ONLY TWO WEEKS EARLIER a persistent cough had begun to bother Pope Benedict XV. Although he was a small, frail man who since childhood had walked with a limp—the Vatican gossips called him the “little one”—he was not old and had enjoyed good health during his seven years on St. Peter’s throne. But what began as bronchitis quickly turned into pneumonia, and the sixty-eight-year-old Benedict took last rites. The next afternoon, lying on his simple iron bed, he lost consciousness. The following morning, January 22, he was dead.1
Giacomo Della Chiesa had been an unusual choice when the genial but repressive Pius X died in 1914, just as the Great War began. When the fifty-two cardinals assembled in late August that year to elect a successor, Della Chiesa had been a cardinal for only three months. Born to an aristocratic but far-from-wealthy family, respected for his intelligence and good judgment, he did not look the part of a pontiff. Although dignified in bearing, and courtly in manners, he was undersized, with a sallow complexion, an impenetrable mat of black hair, and prominent teeth. Everything about him seemed sli
ghtly crooked, from his nose, mouth, and eyes to his shoulders.2
As a young priest, Della Chiesa worked in the Vatican Secretariat of State, which deals with the Holy See’s relations with governments around the world. There he made his way through the ranks until 1913, when he was sent to Bologna to become its archbishop.
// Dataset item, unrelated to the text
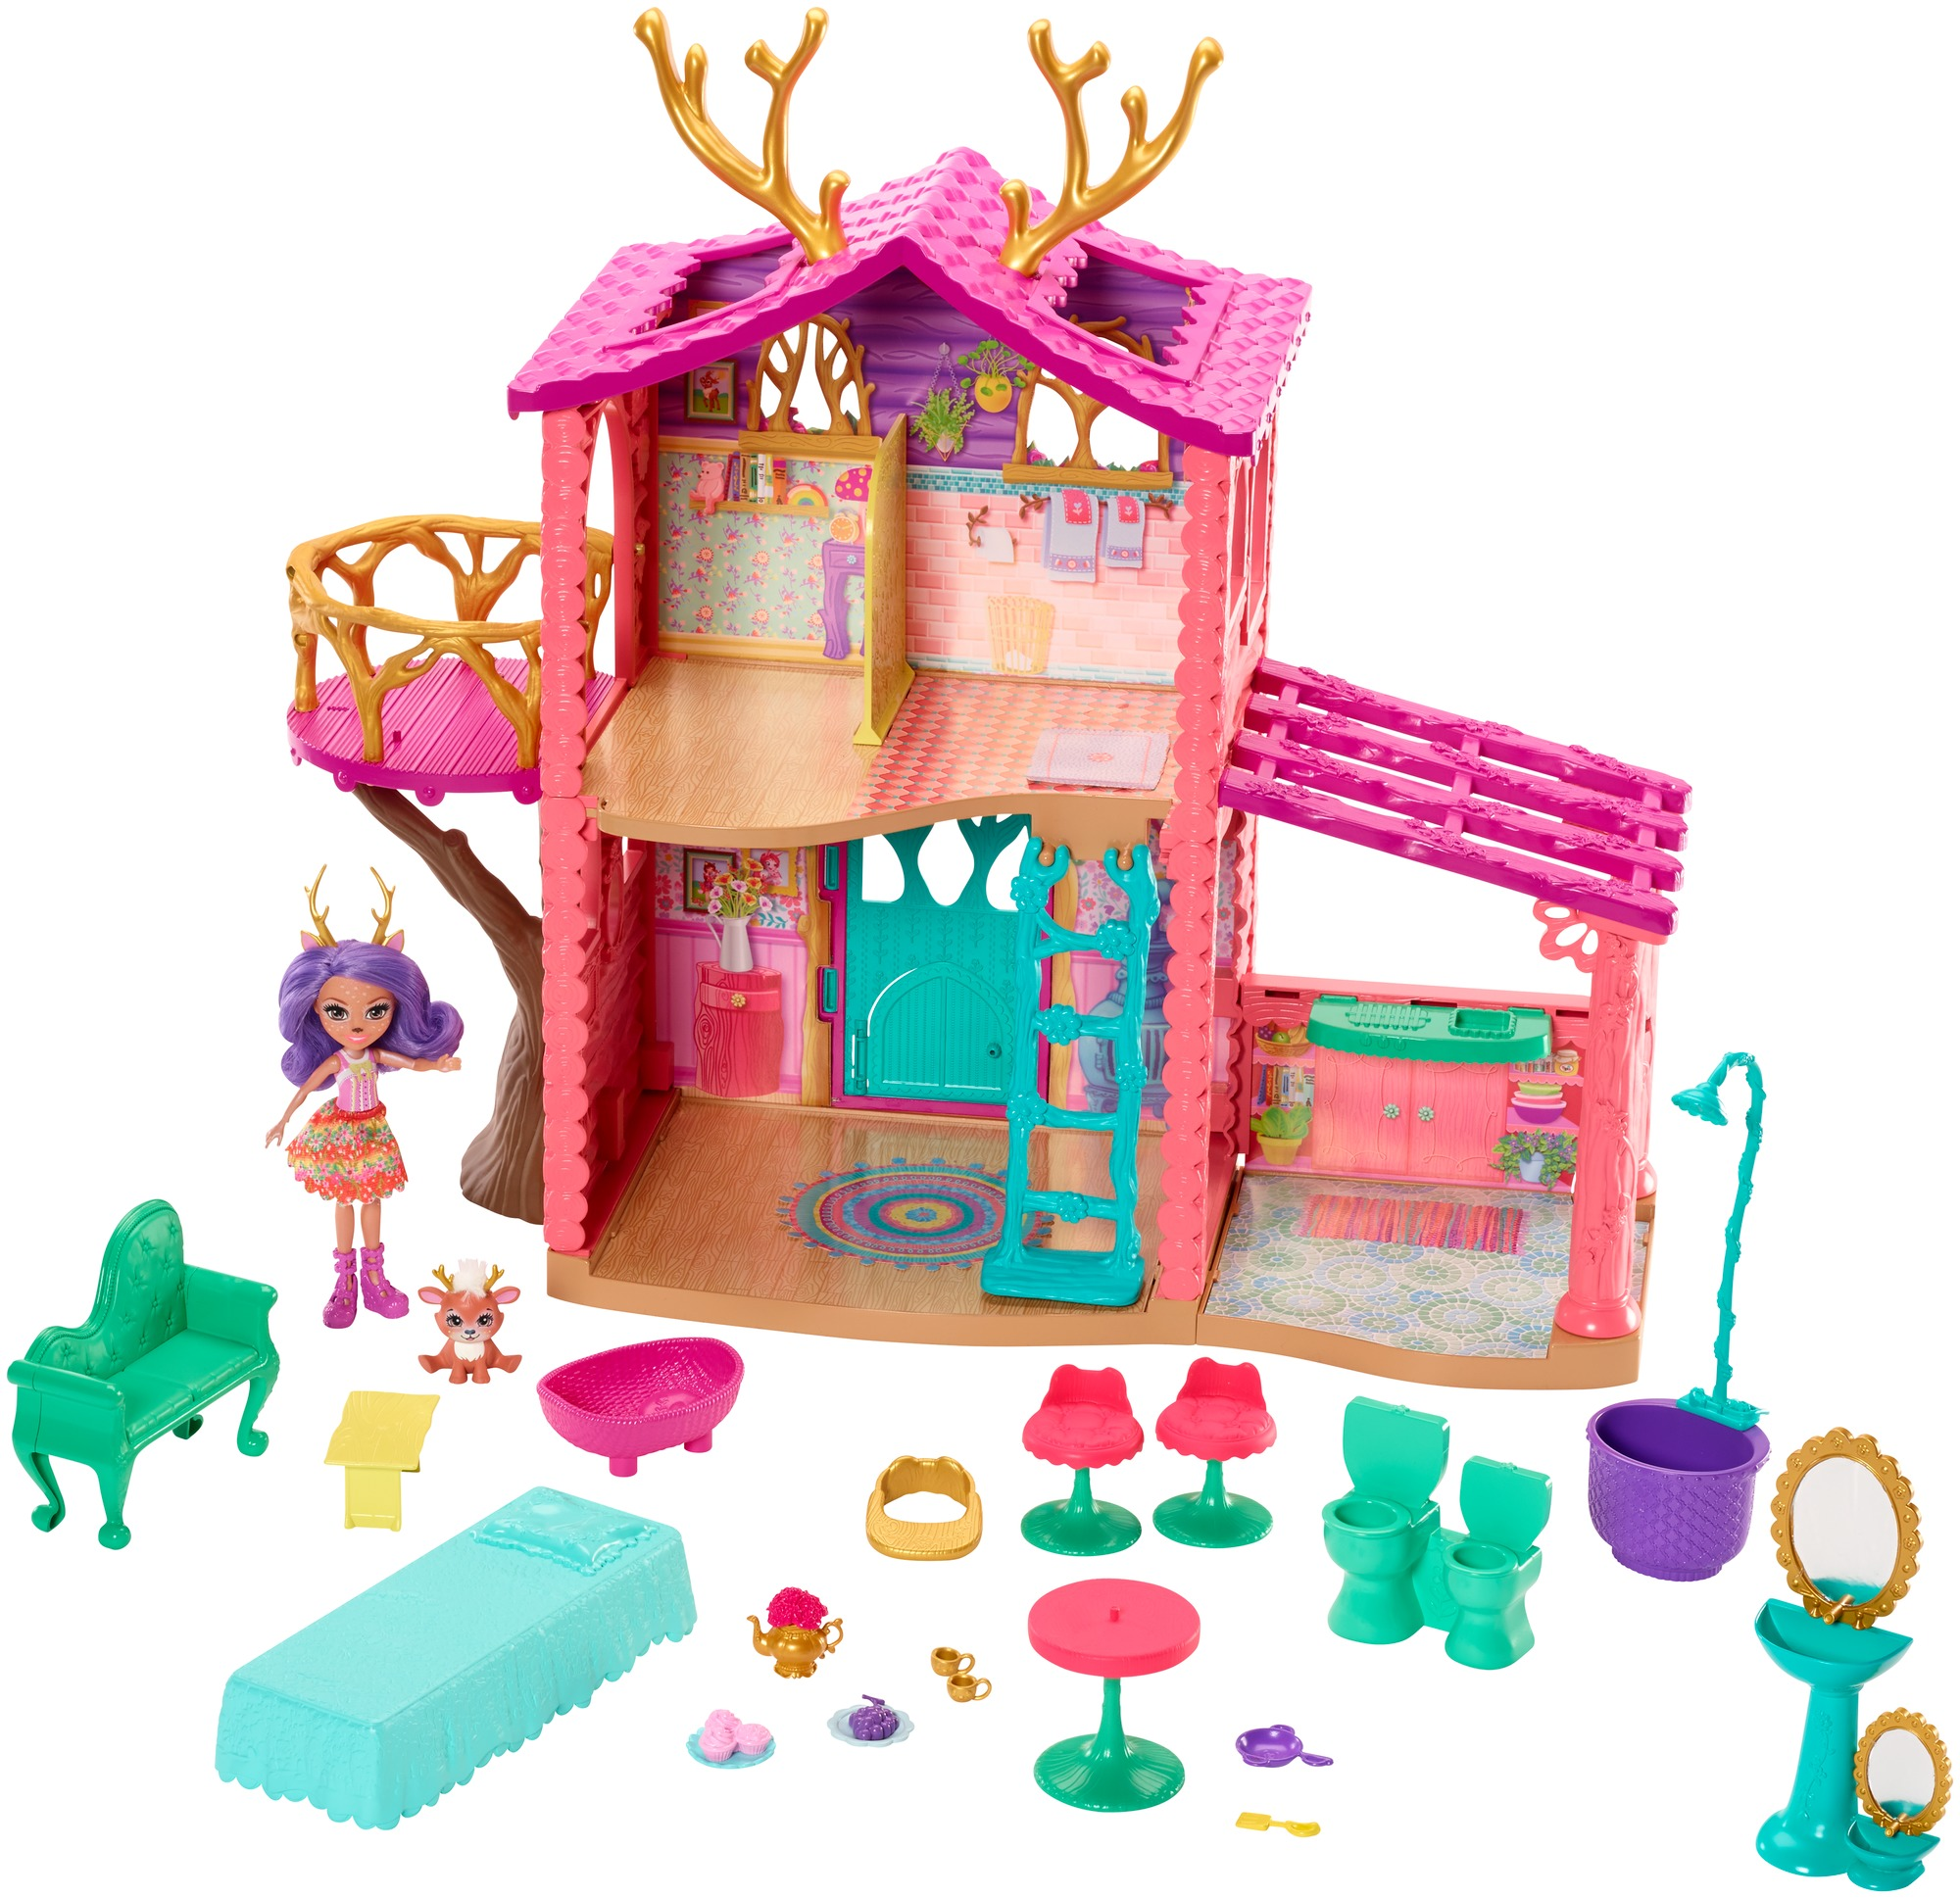 Enchantimals Cozy Deer House Playset + Danessa Deer Doll & Sprint Figure

Some believed that Della Chiesa’s departure from the Vatican was the work of Cardinal Rafael Merry del Val, Pope Pius X’s secretary of state and his main partner in the crusade to stamp out any sign of “modernism” in the clergy. Pius X worried that modern ideas were replacing the Church’s centuries-old teachings. Particularly noxious, in the pope’s view, were beliefs in individual rights and religious freedom, along with the heretical notions that church and state should be separated, and that faith should come to terms with the lessons of science. Believing Della Chiesa to be too moderate, Merry del Val wanted him far from the seat of Church power.3
On the tenth ballot, Della Chiesa reached—just barely—the two-thirds vote required. One of Merry del Val’s fellow hard-liners, Cardinal Gaetano De Lai, humiliated the new pope by demanding that his ballot be examined to ensure that he had not voted for himself.
Pius X had died at a frightening time for Italians, but his successor’s death, in 1922, came amid even greater unrest. Many feared that revolution could erupt at any moment, although they differed on whether it was more likely to be sparked by the socialists or the fascists. The Great War, which the elite had hoped would help unify the hopelessly divided Italians and rally the population around the government, had done neither. Over half a million Italians had died, and even more had returned wounded. A demobilized army came home to find few jobs. The country’s political leaders seemed incapable of finding a way out of the crisis.